NJ.com reported Princeton High School student Jamaica Ponder wrote about the SnapChat picture on her blog. The photo shows students arranging cups in a swastika and the Star of David.

[Disclaimer: Above tweet not picture of the incident]

"They are athletes and student leaders," the 17-year-old junior said of those in the photo. "They're prominent individuals that everybody knows, captains of sports teams."

Jamaica wrote about the students playing "Jews vs. Nazis" beer pong in her blog on Wednesday.

"Putting the picture on social media means that someone was proud enough of the game to want to show it off. Meaning that they must be trapped in the delusional mindset that making a drinking game based off of the Holocaust is cool. Or funny. Or anything besides insane. Because that's what this is: insanity," she wrote."

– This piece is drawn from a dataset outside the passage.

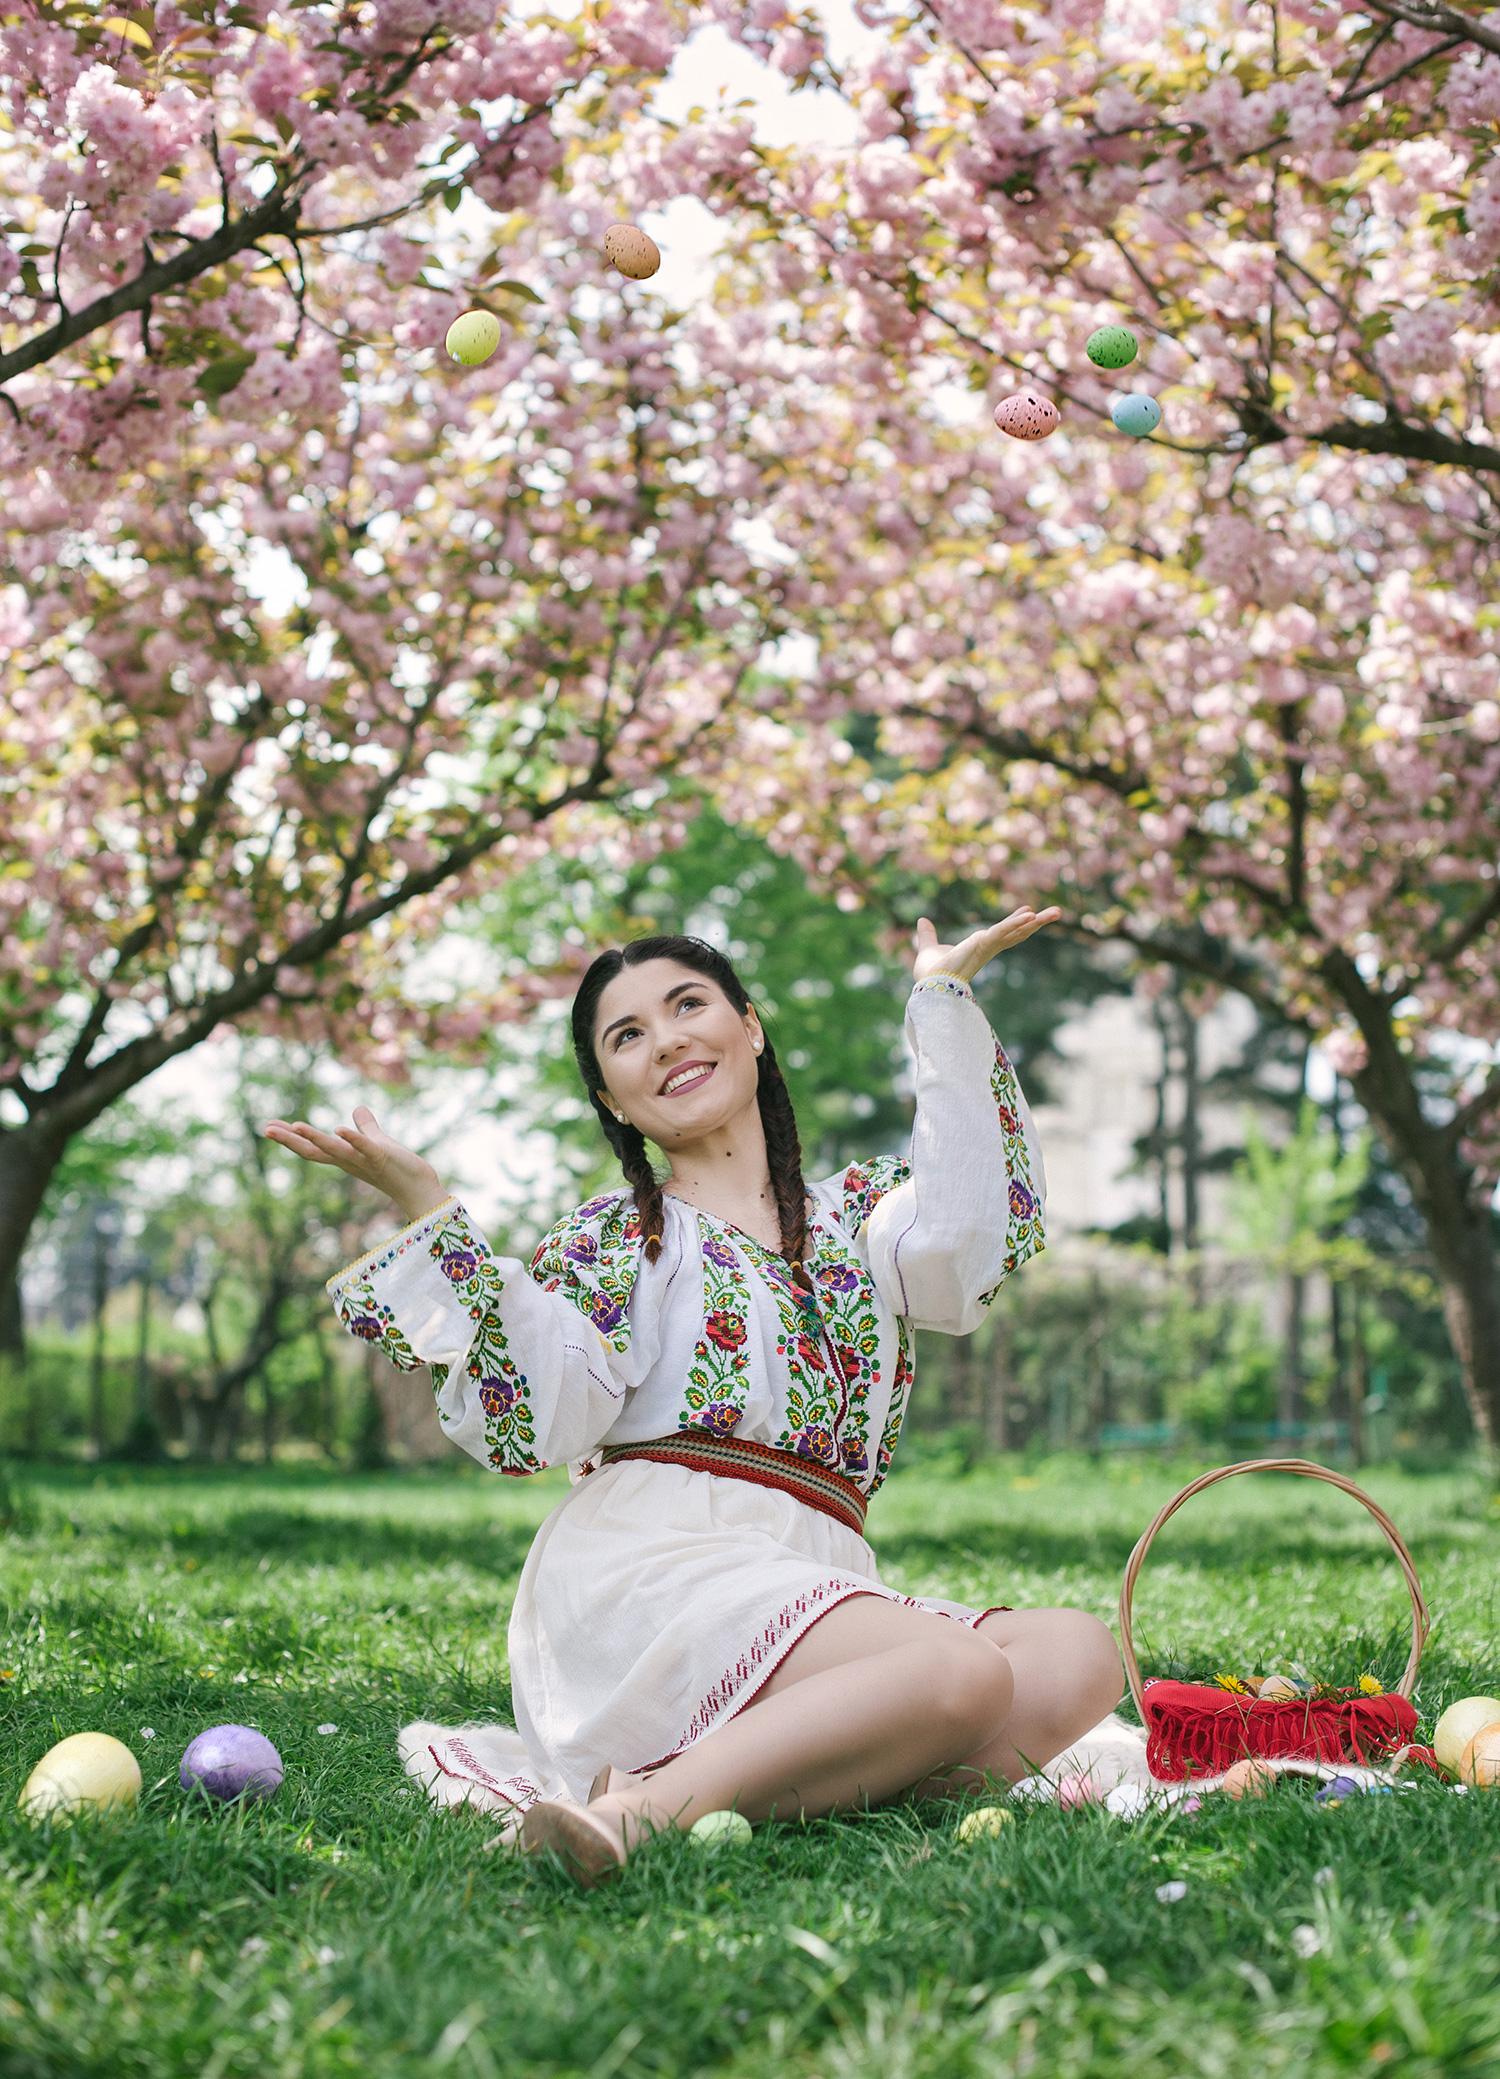 fotograf, fotograf profesionist, robert dumitru fotograf profesionist, fata frumoasa in costum popular traditional romanesc, pomi infloriti primavara, pomi frumosi infloriti,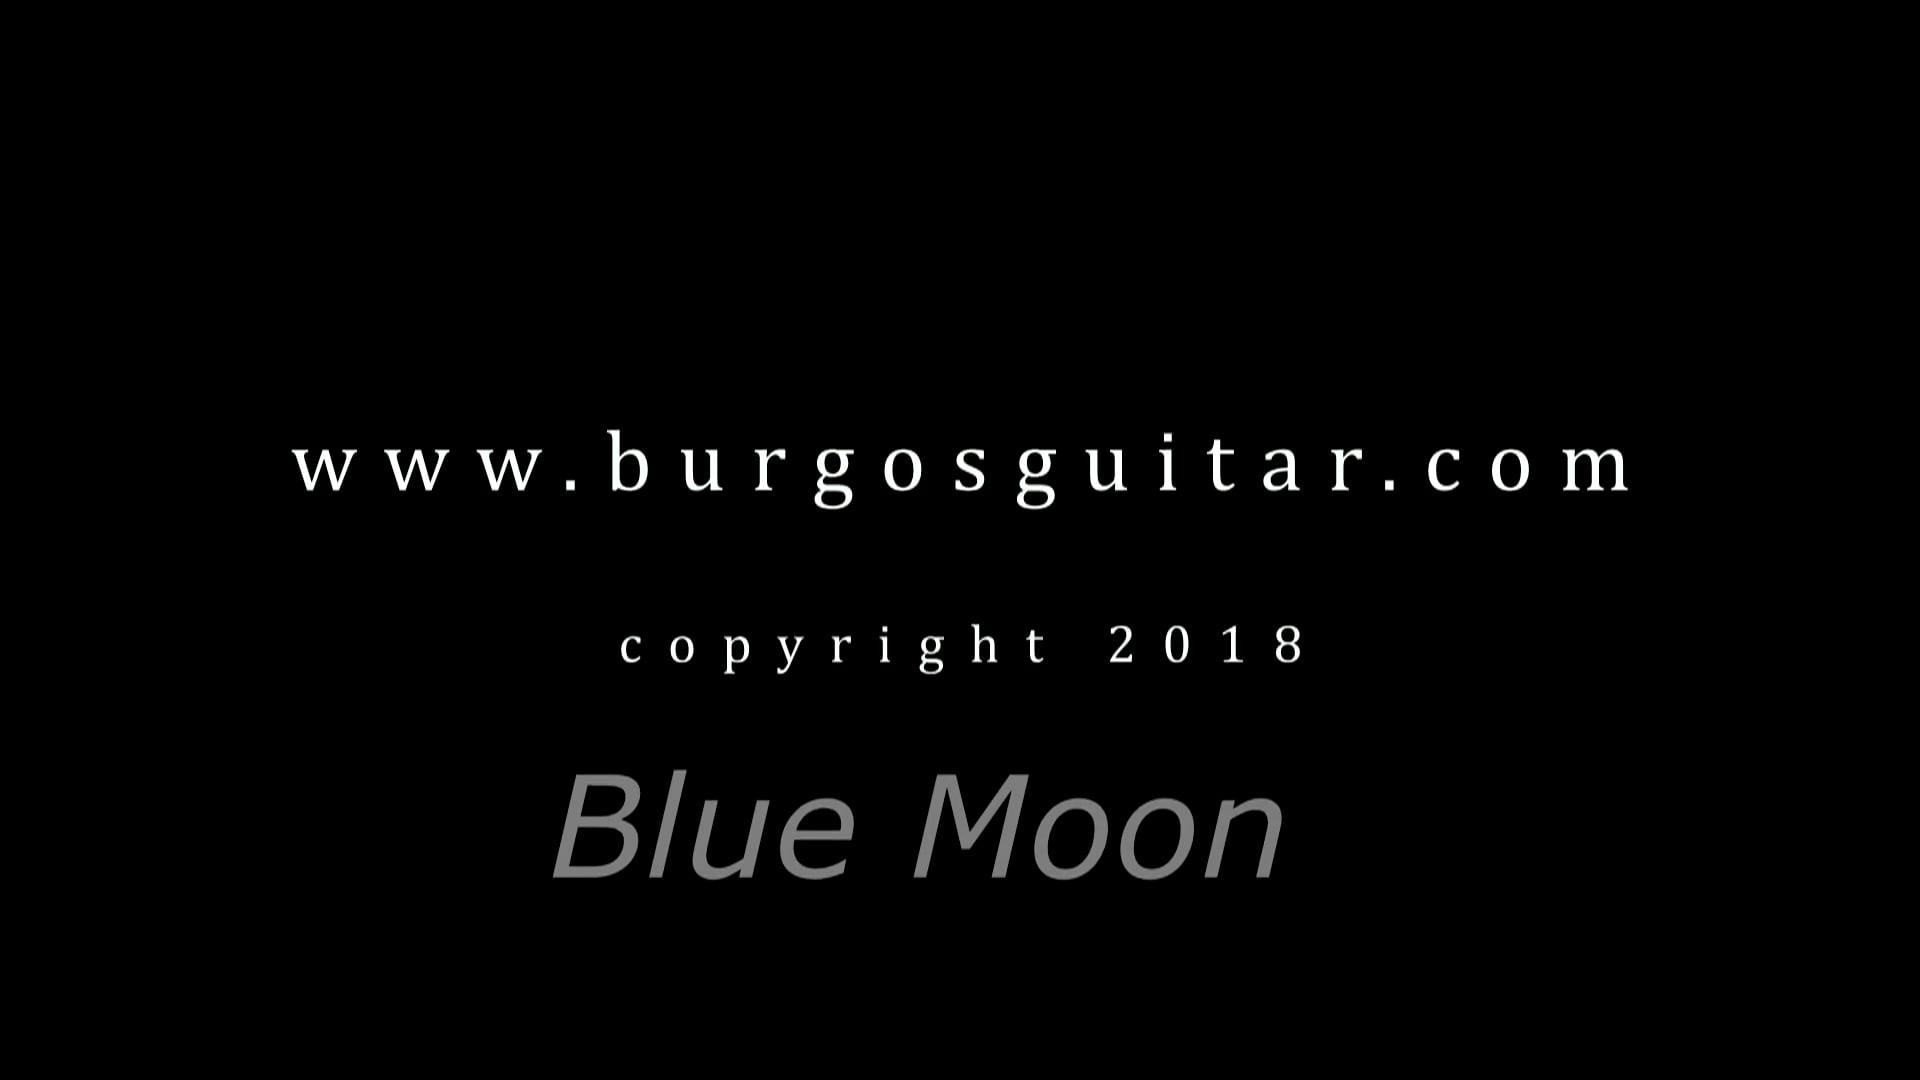 Blue Moon,Francisco Burgos, guitar

Jamaica called it "indefensible."

"You can't make excuses for stuff like this, just like you can't make excuses for the KKK or 9/11 or the slaughter of 6 million people," she wrote. "Some things are just bad, and this is one of them. Maybe you think I'm overreacting, or that I don't know how to take a joke. If this is a joke, if this is supposed to be funny – well then you'll have to excuse me because I simply cannot drink to that."

Jamaica contacted the school about the photo before posting it to her blog.

"As an individual and as the superintendent of the Princeton Public Schools, I am deeply upset that some of our students chose to engage in a drinking game with clearly anti-Semitic overtones and to broadcast their behavior over social media," Steve Cochrane, superintendent of Princeton Public Schools, told NJ.com in a statement.

Jamaica said some students cursed at her at school after she posted the blog.

"A couple of people came up to me using profanities, but a lot of people were very kind and I'd say appreciative of what I did," she told NJ.com. "Someone needed to show what exactly is going on when no one's paying attention."

Cochrane said this type of incident "forces us to take a hard look at our efforts in educating our children."

"As a community we all have a role in teaching our children to make good decisions, to be legally responsible, and to be respectful of a diverse society," he told NJ.com.

Jamaica's mother, Michelle Tuck-Ponder, said she is extremely proud of her daughter for speaking out.

"She is an amazing kid," Tuck-Ponder told WCBS 880's Sean Adams. "She's lost a lot of friends, there's going to be a demonstration at the high school."

There is no word on if the students in the photo will be disciplined.